# Unearthing the secret WWII bunker in the New Forest



## evangilder (Jan 24, 2014)

Interesting archeology going on in Britain

Unearthing the secret WWII bunker in the New Forest | Meridian - ITV News


----------



## Shinpachi (Jan 24, 2014)

Very interesting and educational.
Thanks for sharing, Eric!


----------



## Airframes (Jan 24, 2014)

Good find Eric.
In recent years, some of the 'Cold War' bunkers, designed for use by local Government organisations in case of a nuclear strike against the UK, have been opened as tourist attractions. I find it quite amusing to see, in the middle of nowhere, a brown (tourist) road sign announcing 'Secret Nuclear Bunker' - someone missed the point, using the word 'Secret' !!!

Reactions: Like Like:
1 | Like List reactions


----------



## T Bolt (Jan 24, 2014)

Maybe that's where those buried Spitfires got off to.

Reactions: Like Like:
2 | Like List reactions


----------



## Gnomey (Jan 24, 2014)

Interesting stuff! Thanks for sharing Eric.


----------



## Wayne Little (Jan 25, 2014)

Gnomey said:


> Interesting stuff! Thanks for sharing Eric.



Yep!


----------



## vikingBerserker (Jan 25, 2014)

I love stuff like this.


----------



## evangilder (Jan 25, 2014)

I found it ironic that they said they built it so well, they couldn't tear it down and had to bury it.

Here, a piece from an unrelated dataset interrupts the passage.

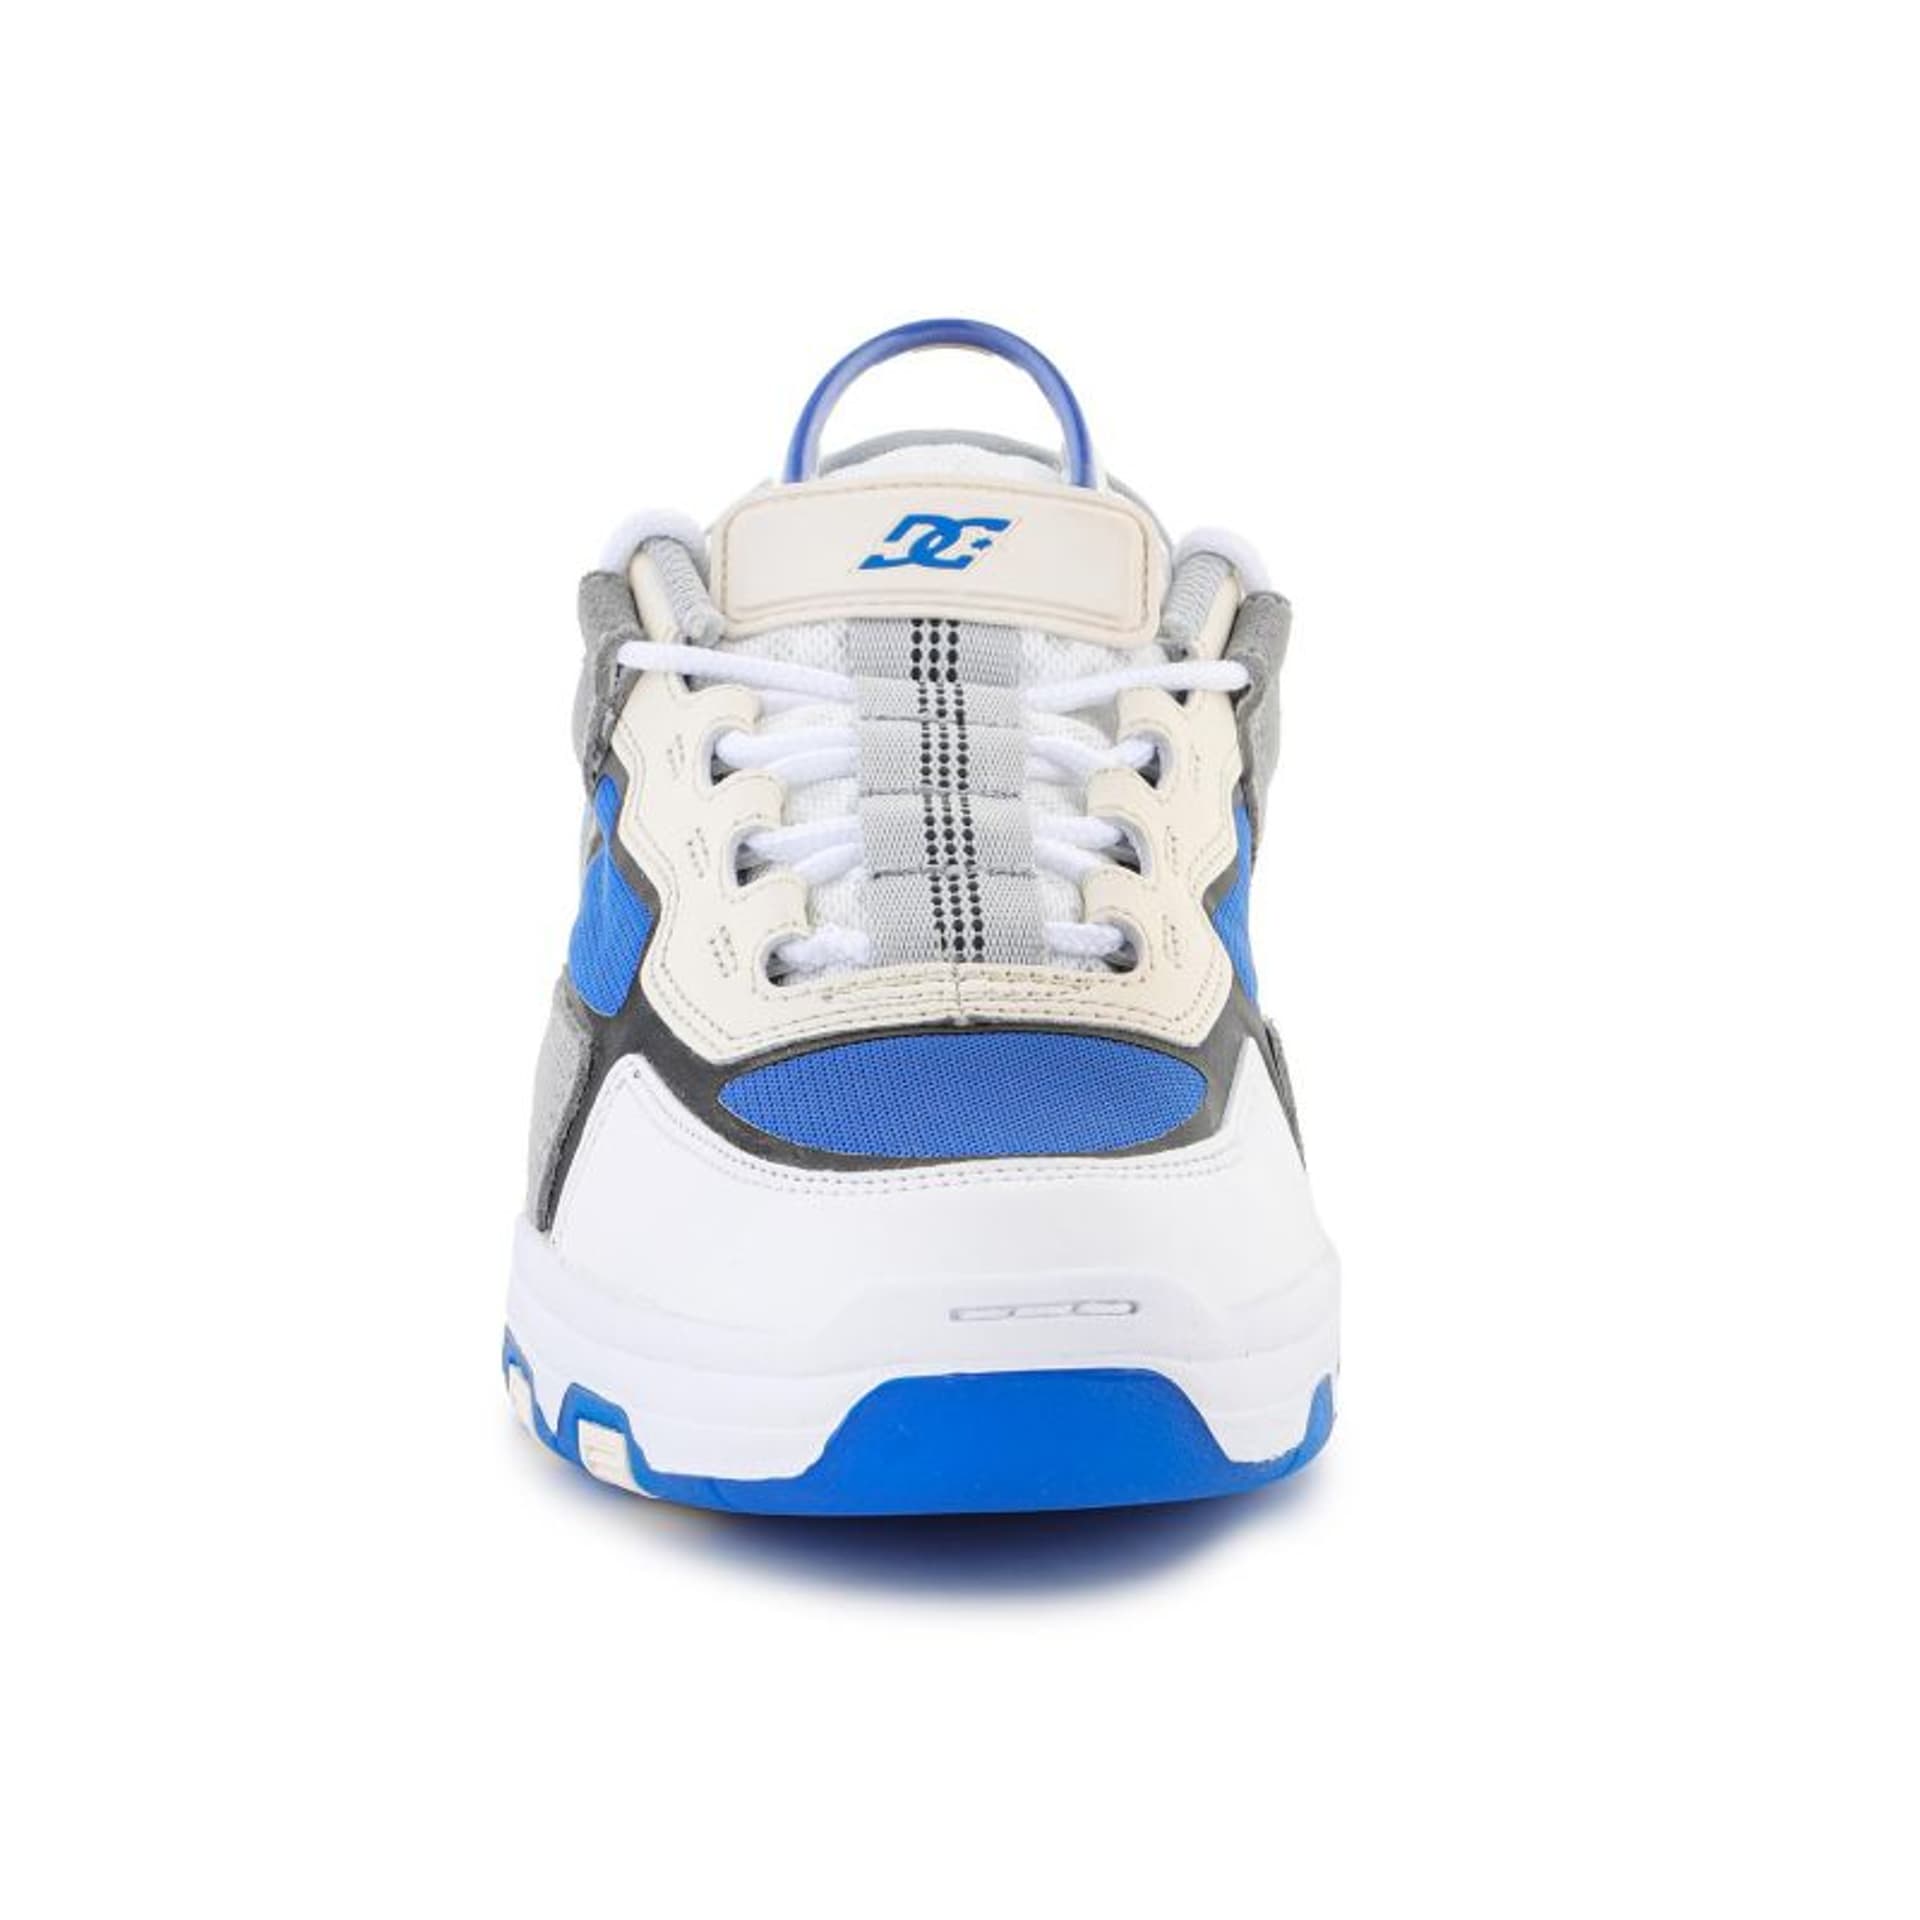 Buty DC Shoes Shanahan Metric Skate Shoes M (kolor Biały. Niebieski. Szary/Srebrny, rozmiar EU 44)

That is kinda the point of a bunker...


----------



## Nobby57 (Jan 25, 2014)

Ah ha! Love your comments and I can say, having a Cold War bunker under part of my charge - the bloody thing would have been useless as the water table, when high, still floods through the living compartment. We once put a no swimming sign down there in keeping with our warped sense of humour.
Nice OP *evanglider*, I'll be watching this one.


----------